# exciting show win



## goatshows (Oct 5, 2007)

my doe 5 Acre Farm Summer Sweet Emily took reserve sr. doe champion today at an ADGA show.

the doe that took grand was the oldest doe and them the judge said the reseve gose to the yearing sr. doe. their was 4 classes all together. i almost started crying(tears of joy of course.) this is my frist doe i bought. she will be 2 years june 26th

she won a reserve grand and she isnt even two years old yet!!!!!!


----------



## StaceyRosado (Oct 5, 2007)

oh thats wonderful Rebecca!!!

Did you ever sell her bucklings?


----------



## goatshows (Oct 5, 2007)

thank you . 

yes i sold her bucklings.
one buckling was sold as a wether and the other was sold as a herd sire.


----------



## StaceyRosado (Oct 5, 2007)

Awesome.
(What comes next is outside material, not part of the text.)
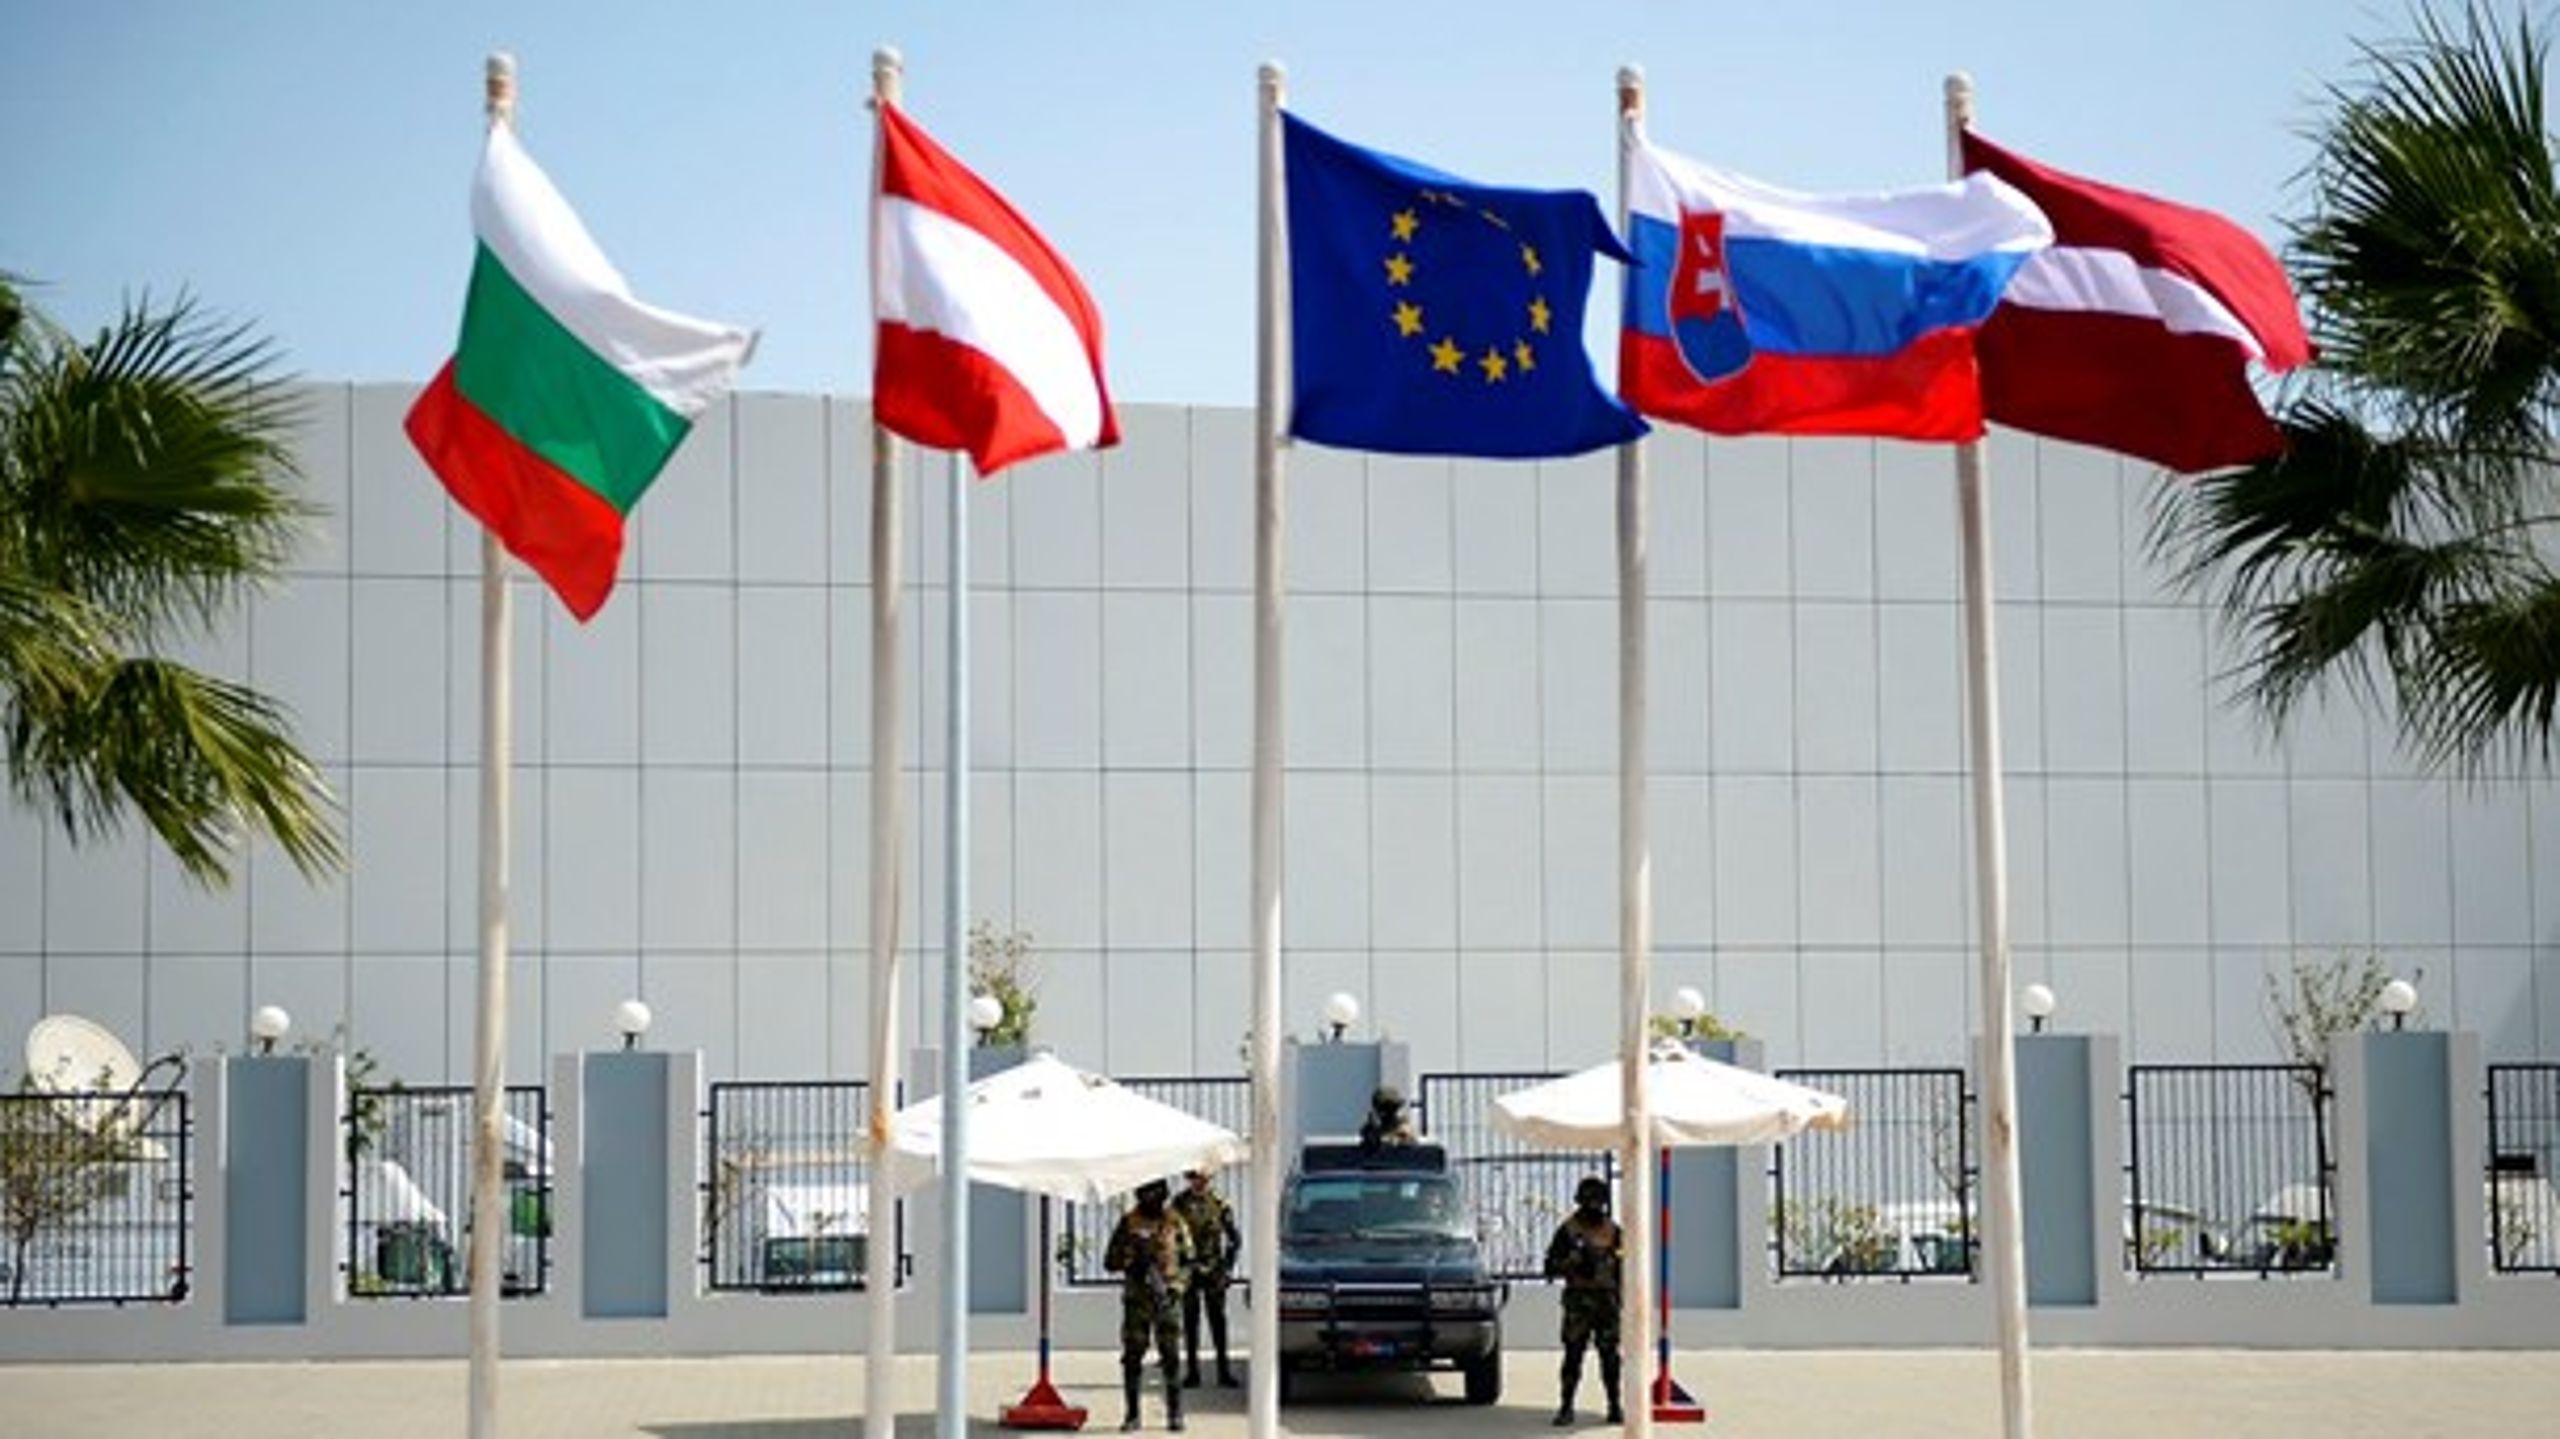 Det første møde nogensinde mellem EU-ledere og Den Arabiske Liga finder sted i den egyptiske badeby Sharm el-Sheikh.

I am sure now they are happy they did so -- or will be if they don't know about her "win" yet


----------



## goatshows (Oct 5, 2007)

i emailed the person that is recieveing the buck. im sure he will be very happy


----------



## FarmGirl18 (Oct 5, 2007)

That's exciting!! Congrats!


----------



## Muddy Creek Farm (Oct 5, 2007)

That is one NICE udder Rebecca! She is very well deserving of the win!!


----------



## enjoytheride (Oct 5, 2007)

She looks great- congratulations. I love that picture where she was calling out- was she saying "hey look at me?"


----------



## sweetgoats (Oct 18, 2007)

Congratulations. That is wonderful. :leap: :clap:


----------



## Sweet Gum Minis (Oct 6, 2007)

Beautiful doe and great win. Congratulations!!!


----------



## liz (Oct 5, 2007)

CONGRATULATIONS! :leap: She definately deserved that win...she looks absolutely wonderful :stars:


----------



## fritzie (Oct 6, 2007)

way to go & congrats that is a great win. arty:


----------



## fcnubian (Oct 23, 2007)

Congrats!! :thumb:


----------